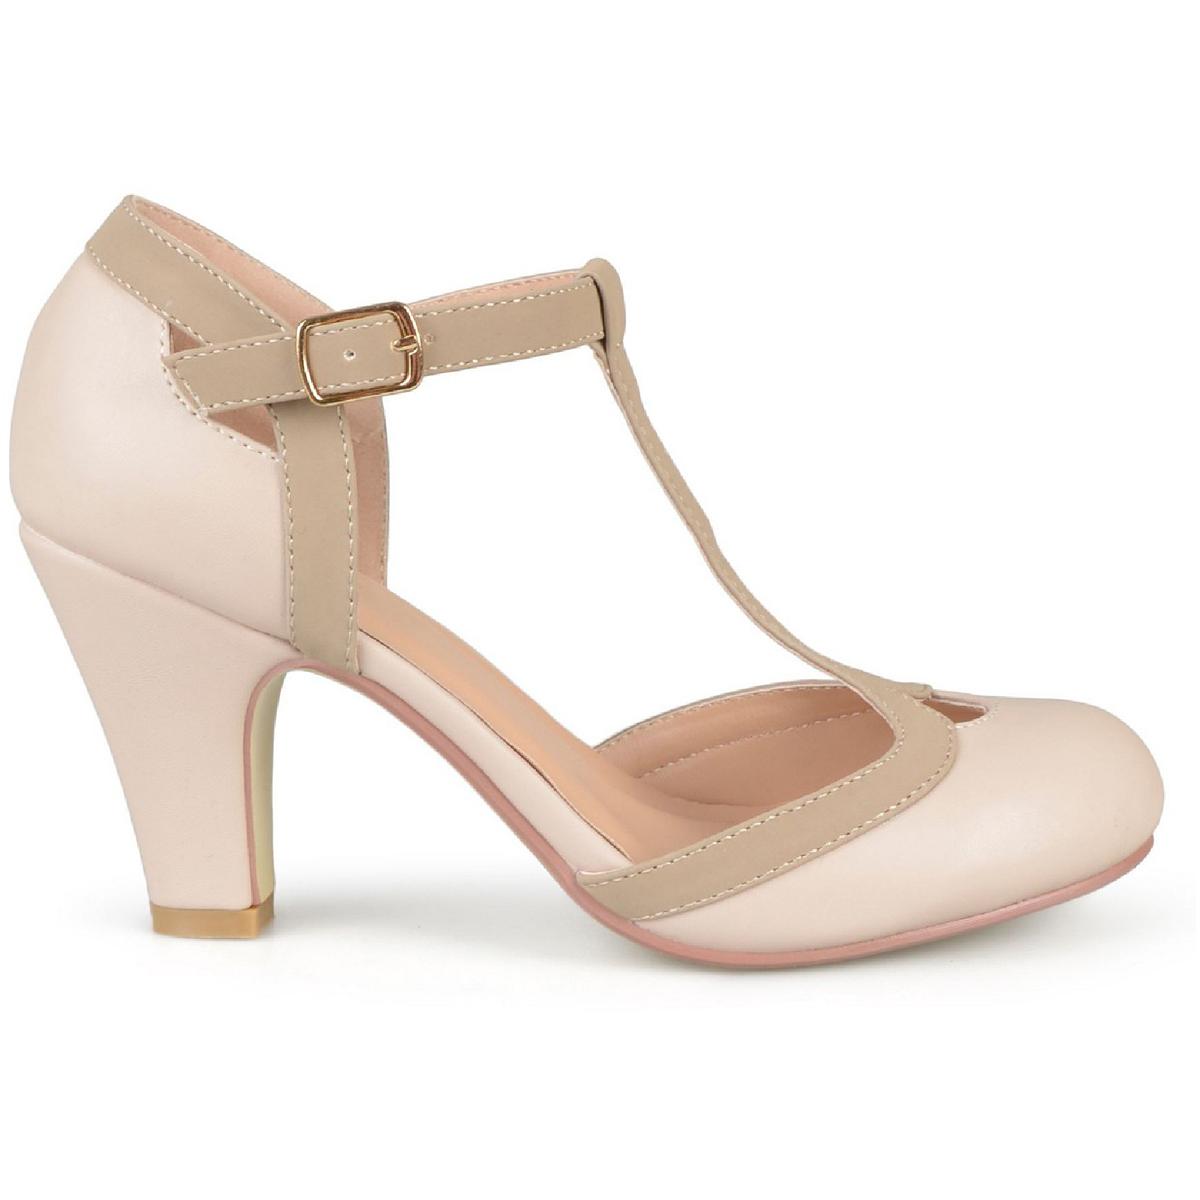 Journee Collection Womens Olina Faux Leather Mary Jane Heels Shoes BHFO ...
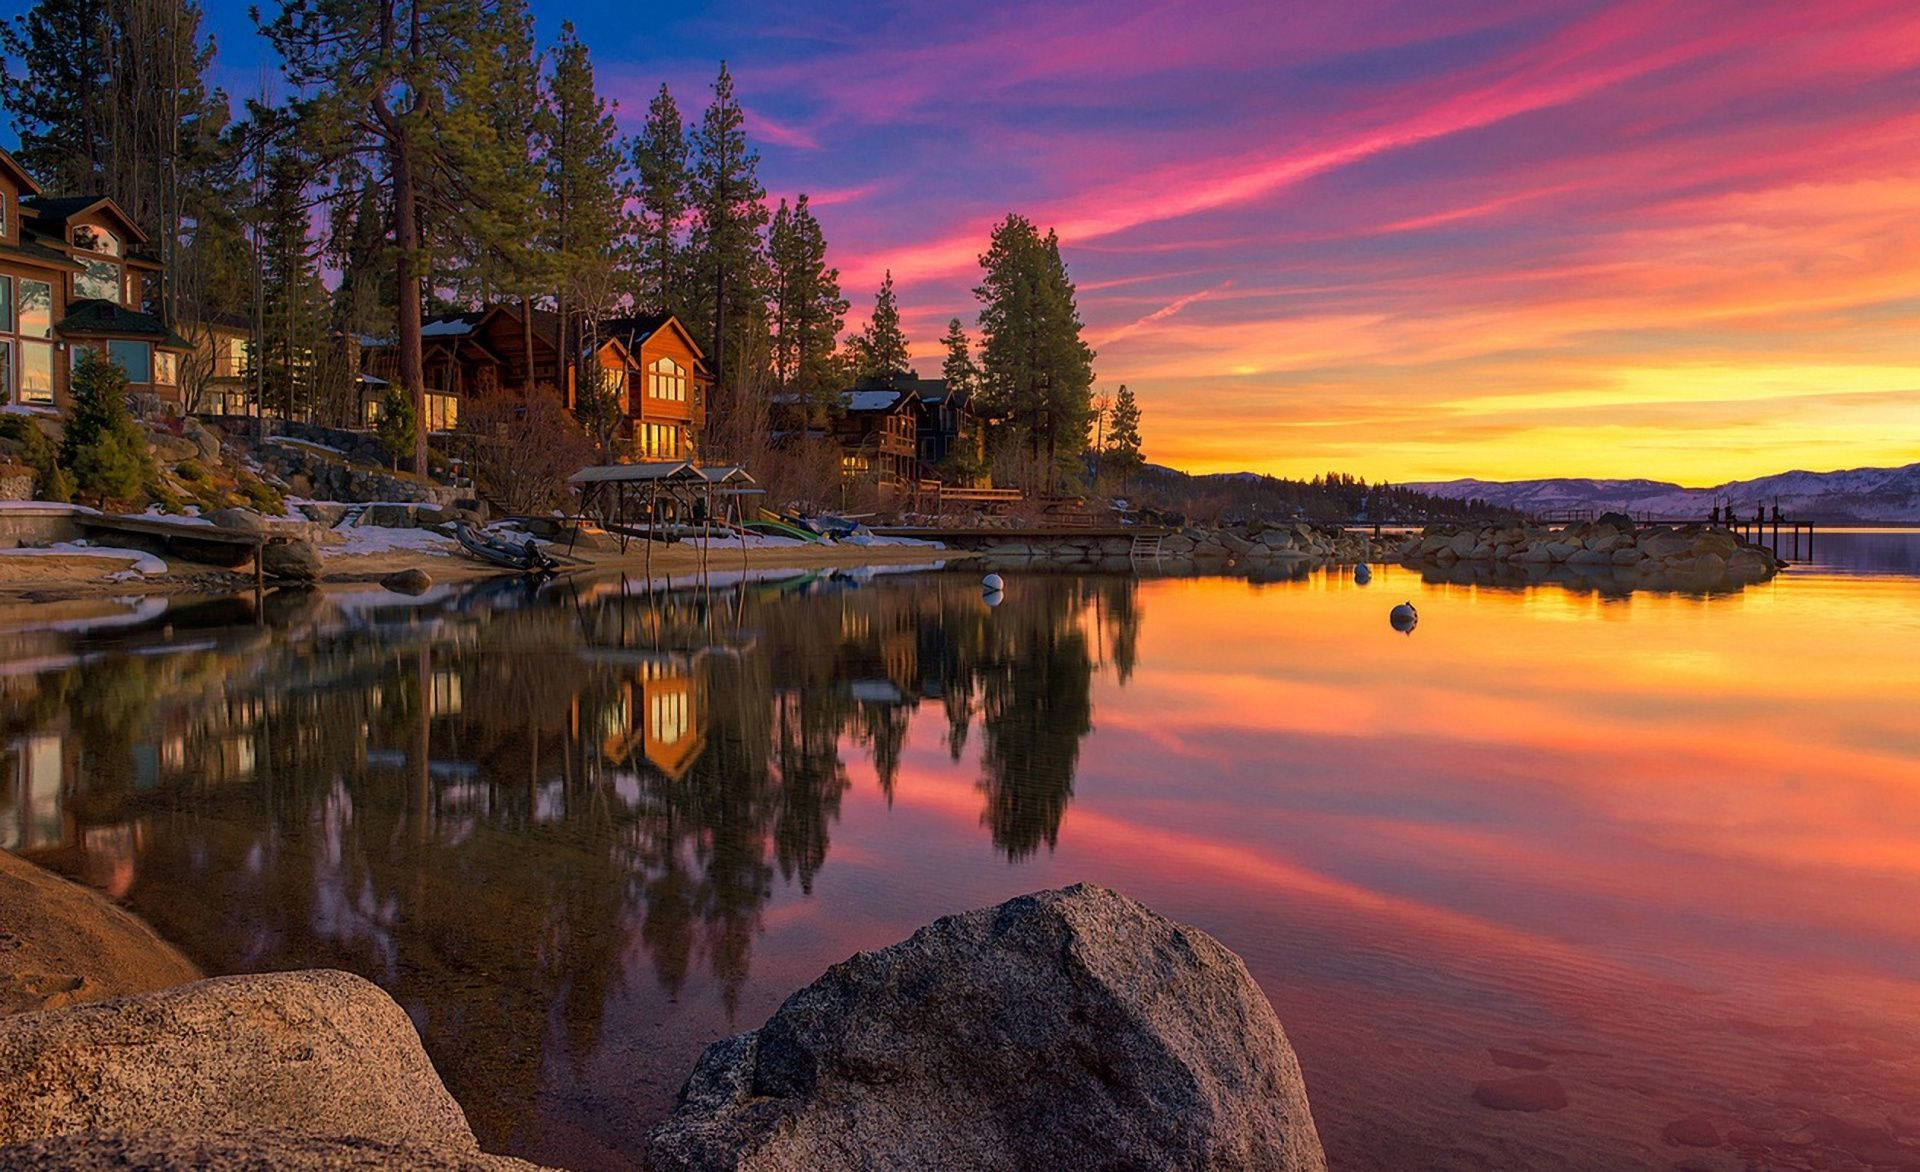 Outdoor Lakeside Cabins Wallpaper
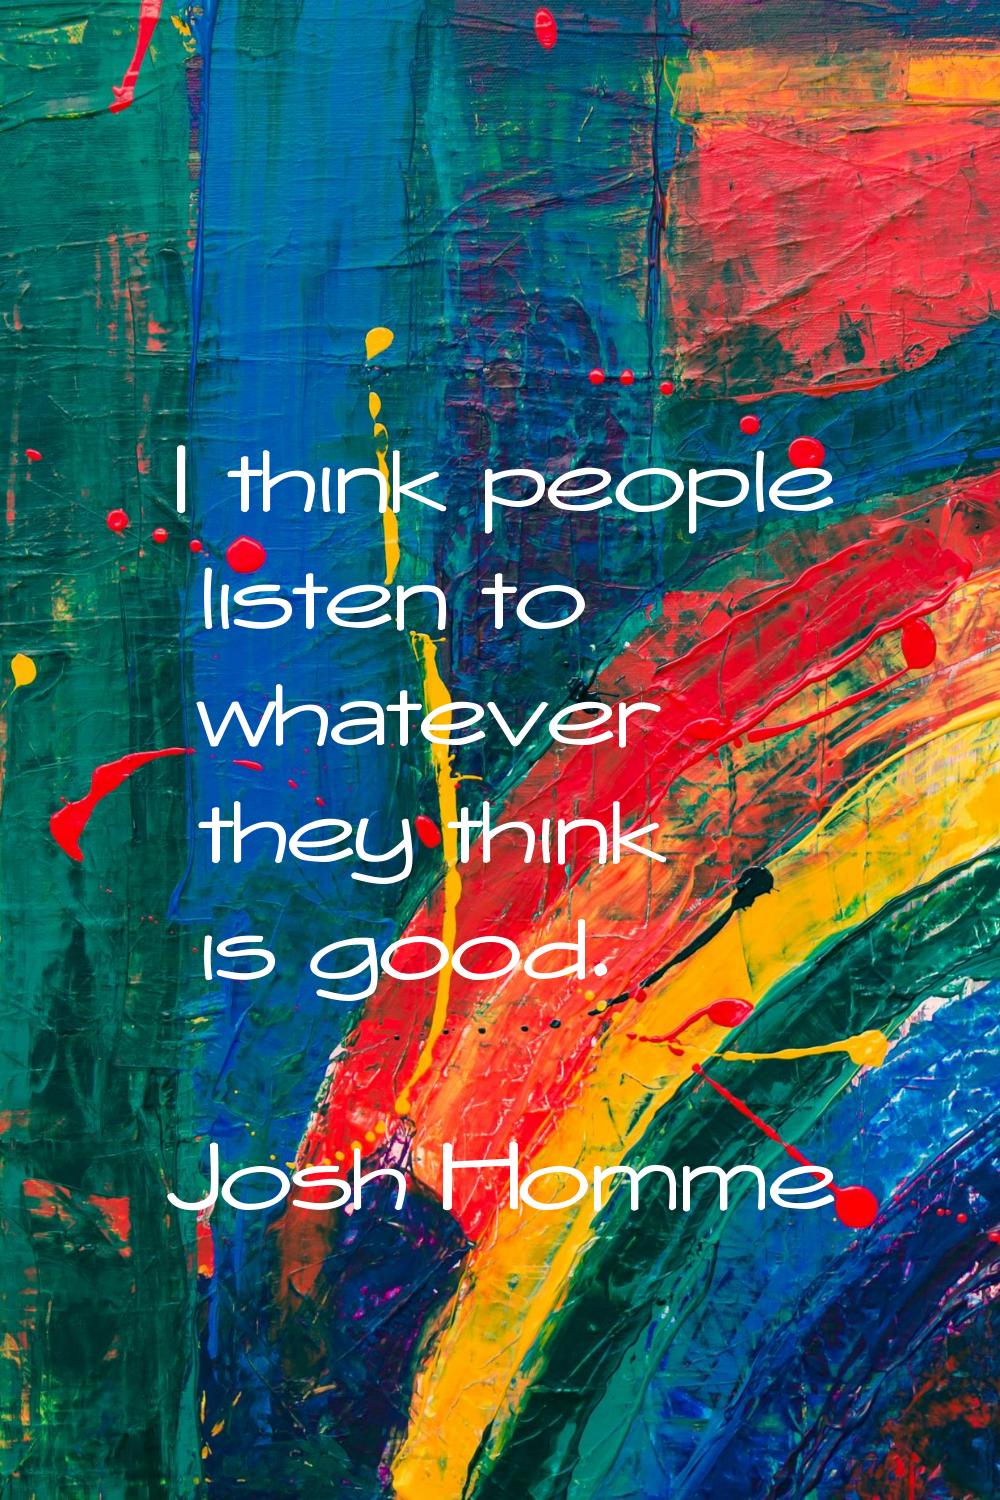 I think people listen to whatever they think is good.
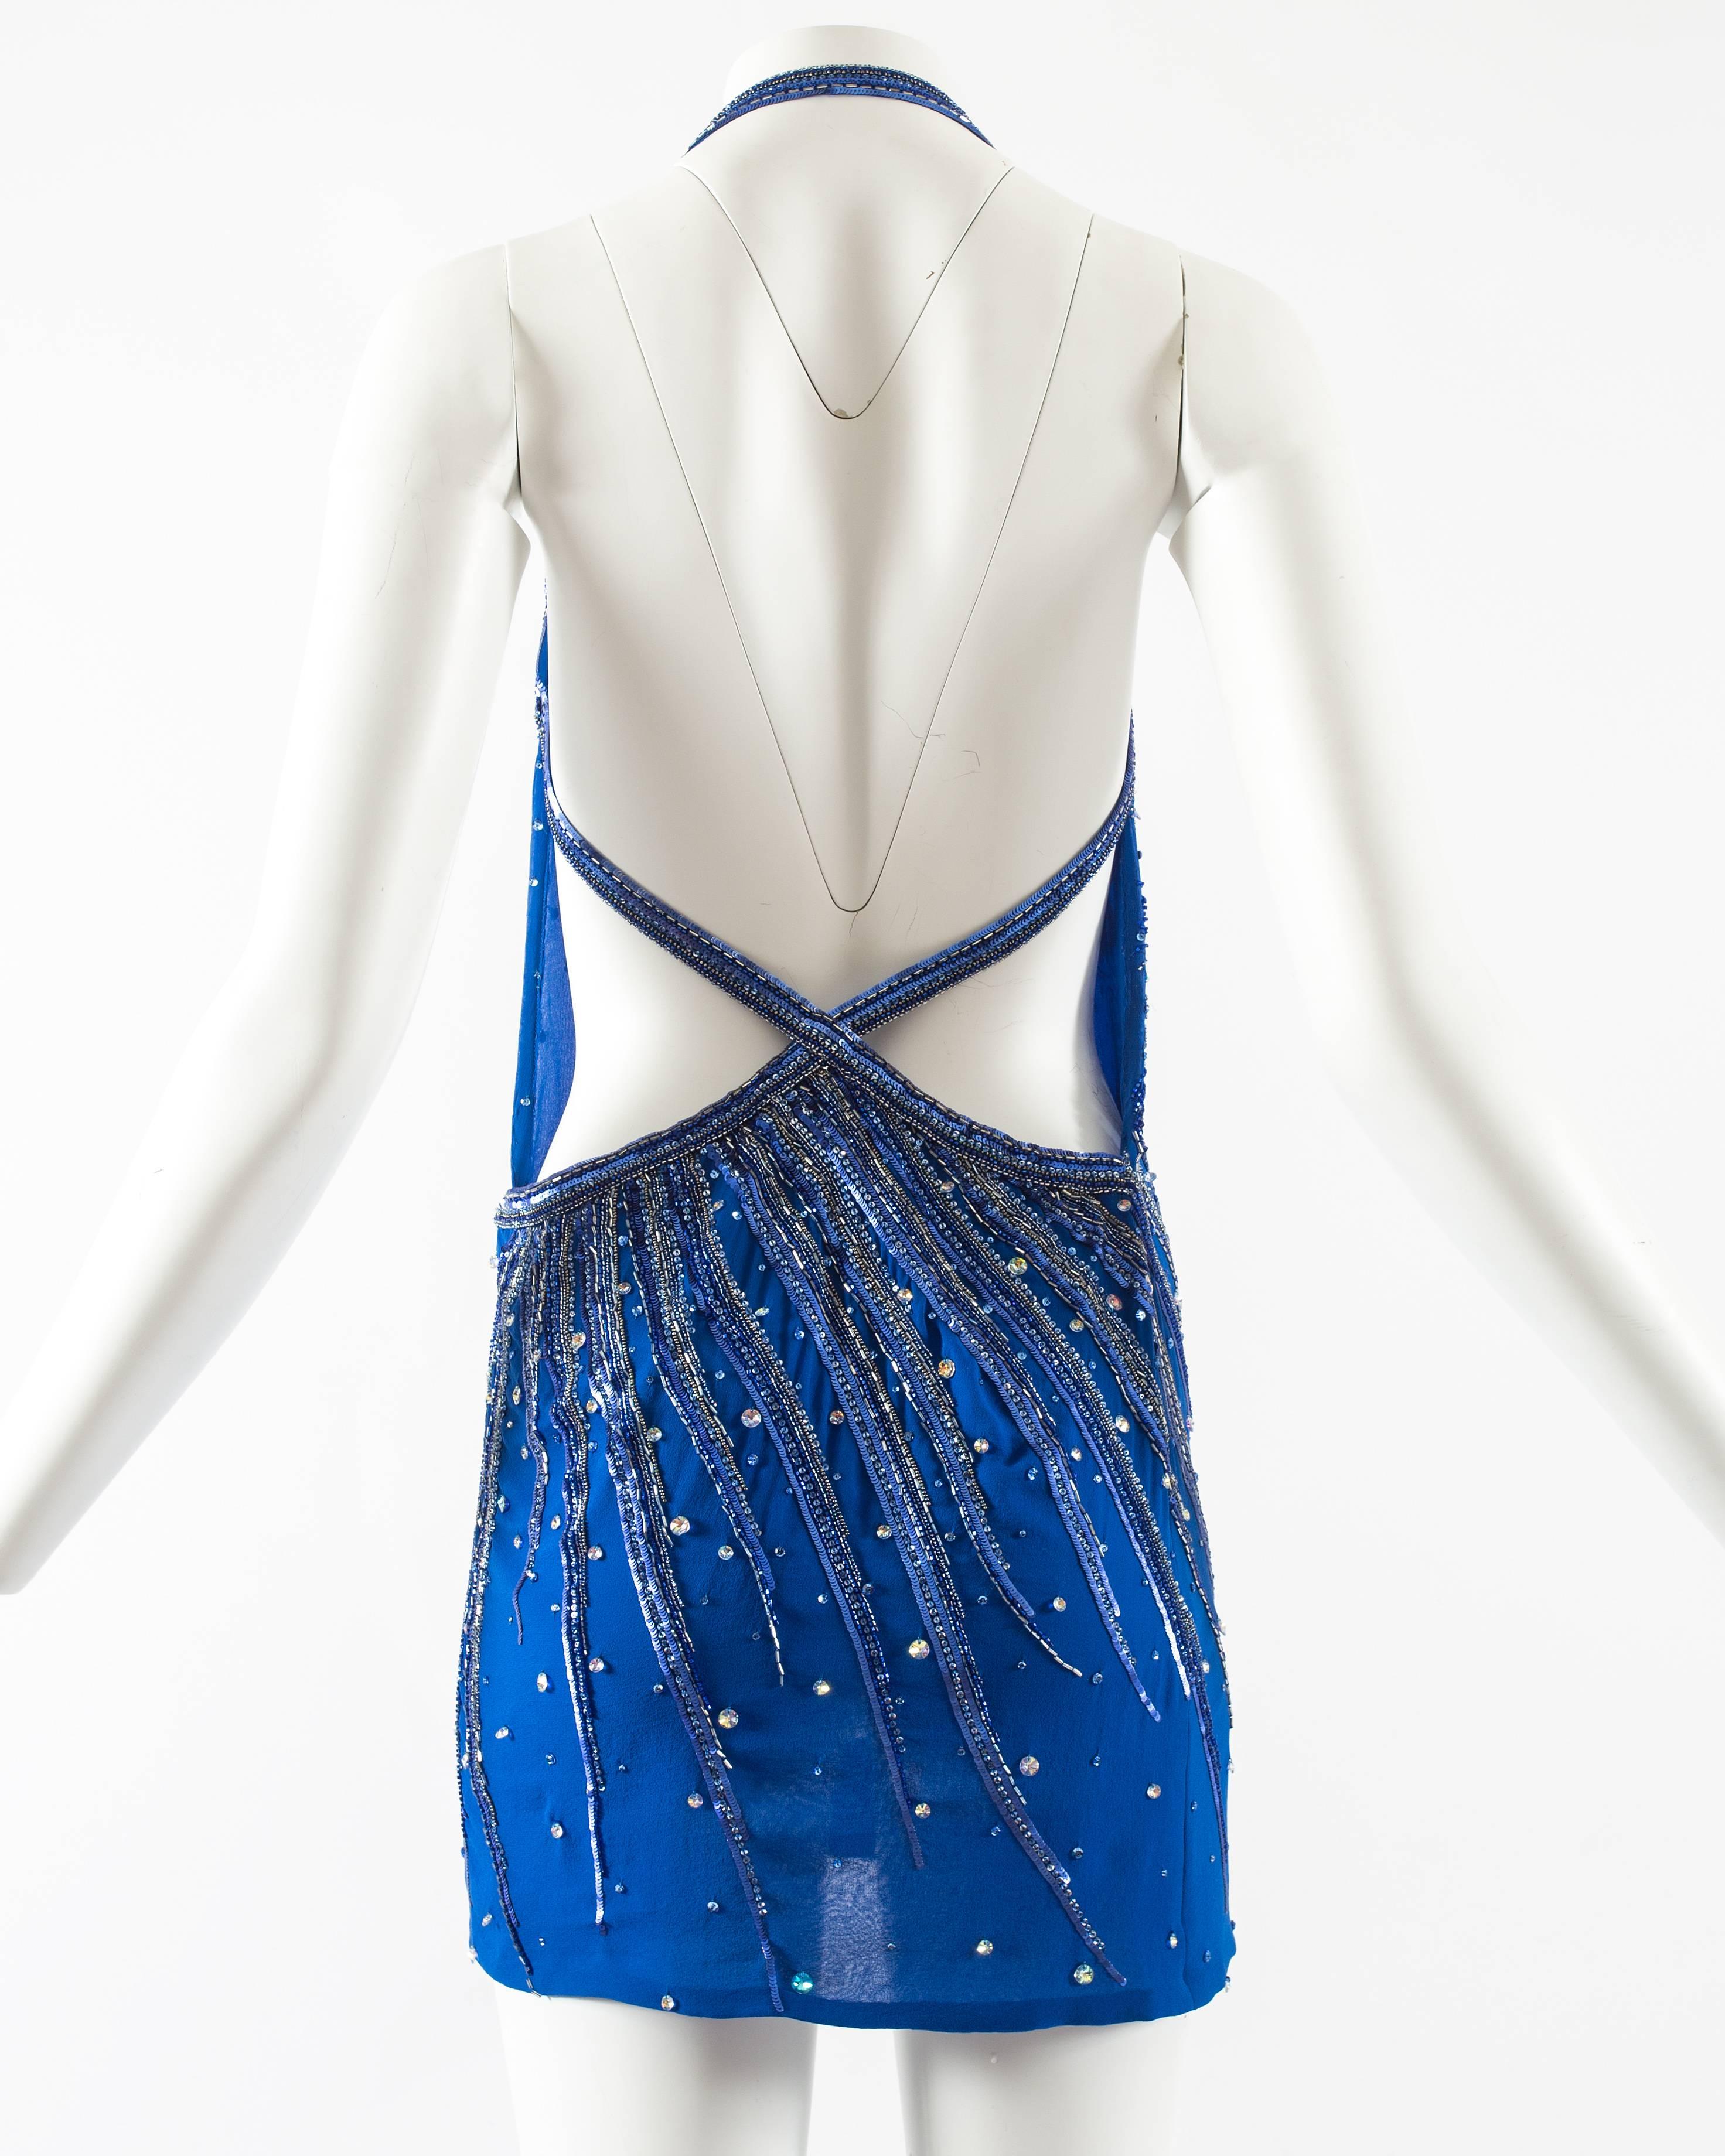 Atelier Versace Haute Couture 1990s embellished halter neck mini dress with low back

- thousands of hand sew beads and rhinestones 
- internal boning 
- 100% silk chiffon
★ ★ ★ ★ ★ ★ ★
**Activity**
Would you transcribe exactly, and only, the lines from the one containing "Outdoor Lakeside Cabins Wallpaper" through the last line of the records above, both included, leaving out the pictures?

**Result of this task**
 Outdoor Lakeside Cabins Wallpaper
 I think people listen to whatever they think is good.
 Atelier Versace Haute Couture 1990s embellished halter neck mini dress with low back

- thousands of hand sew beads and rhinestones 
- internal boning 
- 100% silk chiffon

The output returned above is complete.